At the same time, sectors linked to crude oil could experience rising costs.
Prolonged West Asia Conflict Could Impact Several Sectors in India: Crisil
India’s heavy dependence on energy imports could expose several domestic industries to risks if tensions in West Asia escalate or continue for a prolonged period, according to an assessment by Crisil Ratings.
India imports about 85 percent of its crude oil requirements and nearly half of its liquefied natural gas needs. A significant portion of these supplies moves through the Strait of Hormuz, a critical global shipping route connecting the Persian Gulf with international markets. Estimates suggest that around 40 to 50 percent of India’s crude oil imports and nearly 50 to 60 percent of LNG shipments pass through this corridor.
West Asian countries account for roughly 30 percent of global crude oil production and nearly 20 percent of the world’s LNG output. Any disruption in transport through the Strait of Hormuz could therefore affect both the availability and pricing of energy supplies worldwide.
Crisil said industries that depend on imported LNG, including ceramics and fertilisers, may face production disruptions in the near term if supplies tighten.
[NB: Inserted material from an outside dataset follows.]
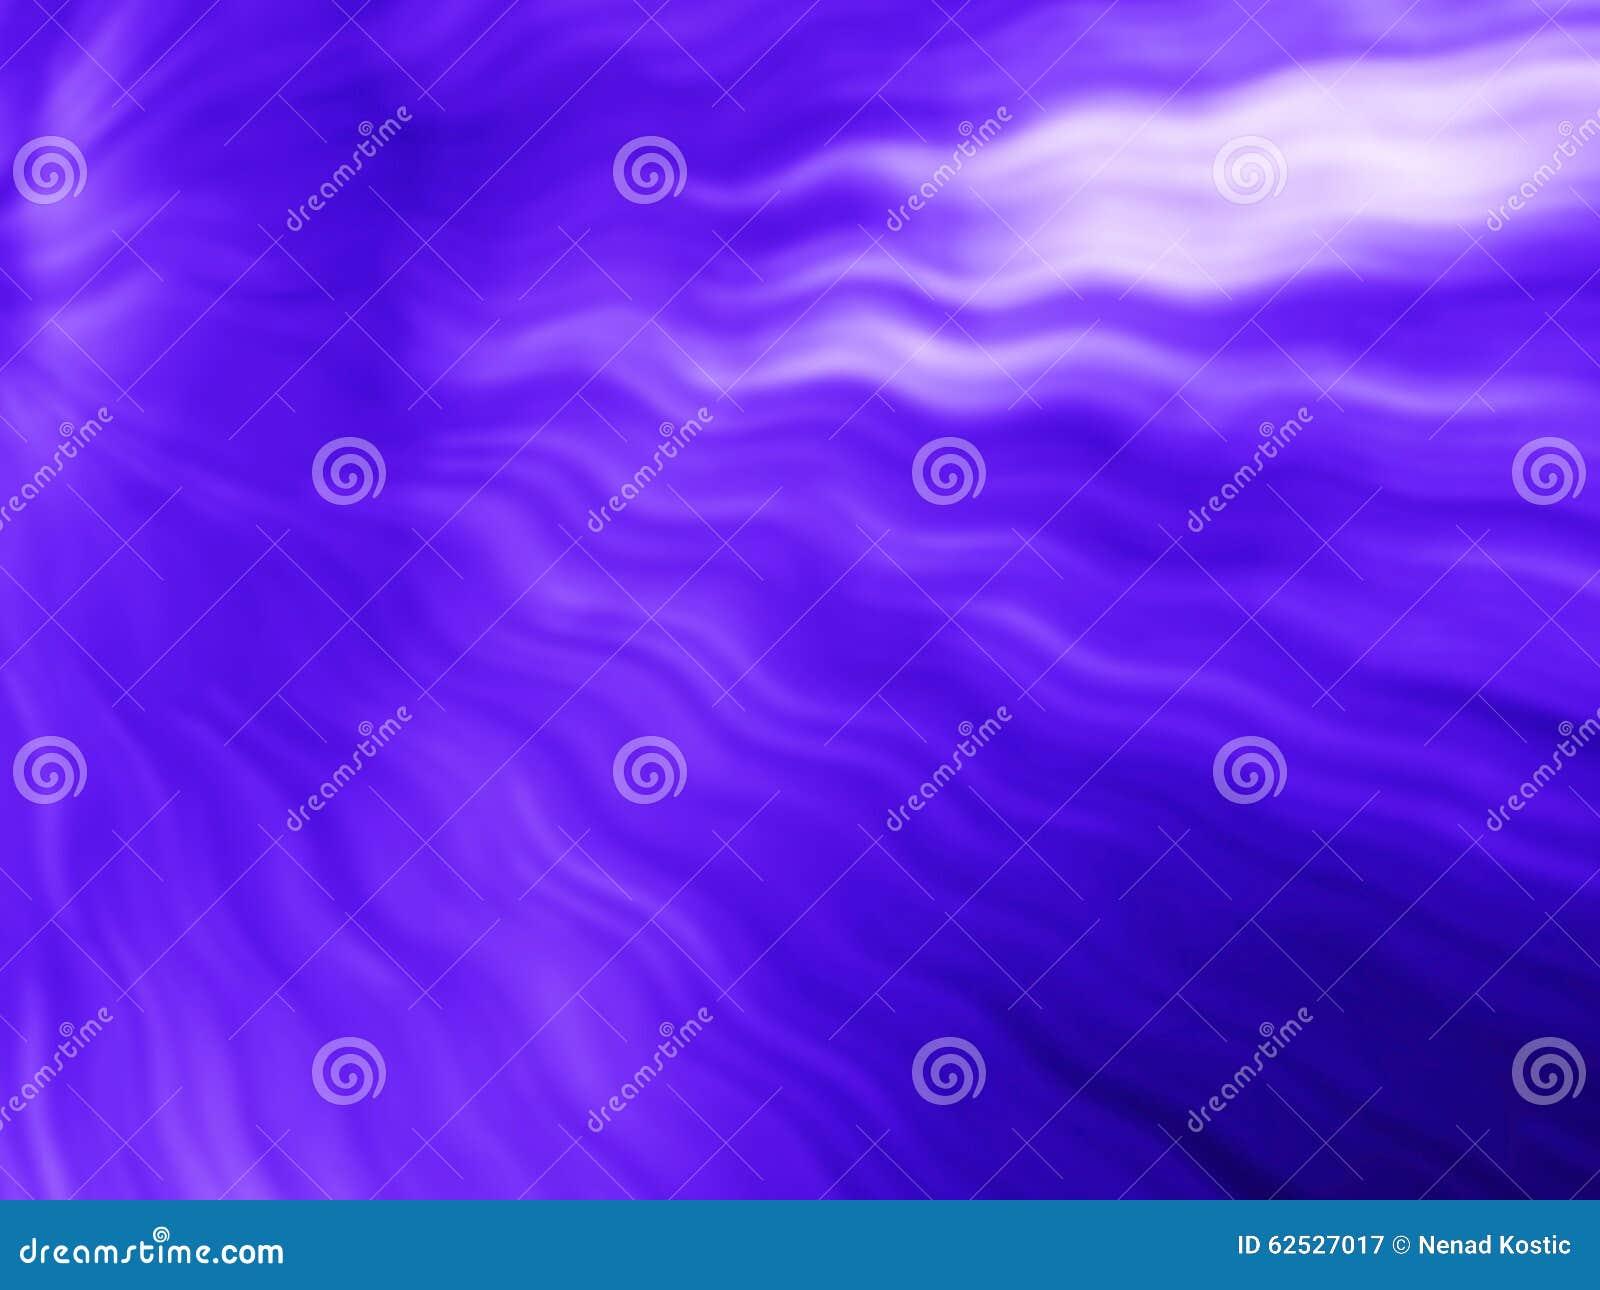 Starburst蓝色和紫色抽象背景

At the same time, sectors linked to crude oil could experience rising costs. These include oil refineries, tyre manufacturers, paint producers, packaging companies, specialty chemical firms and synthetic fabric makers.
The report also pointed out that industries with direct trade exposure to West Asia such as basmati rice exporters, diamond polishing units, airlines and travel operators may be adversely affected if the regional conflict persists.
According to Crisil, rising geopolitical risks have already prompted many ships to avoid the Strait of Hormuz since March 1, 2026.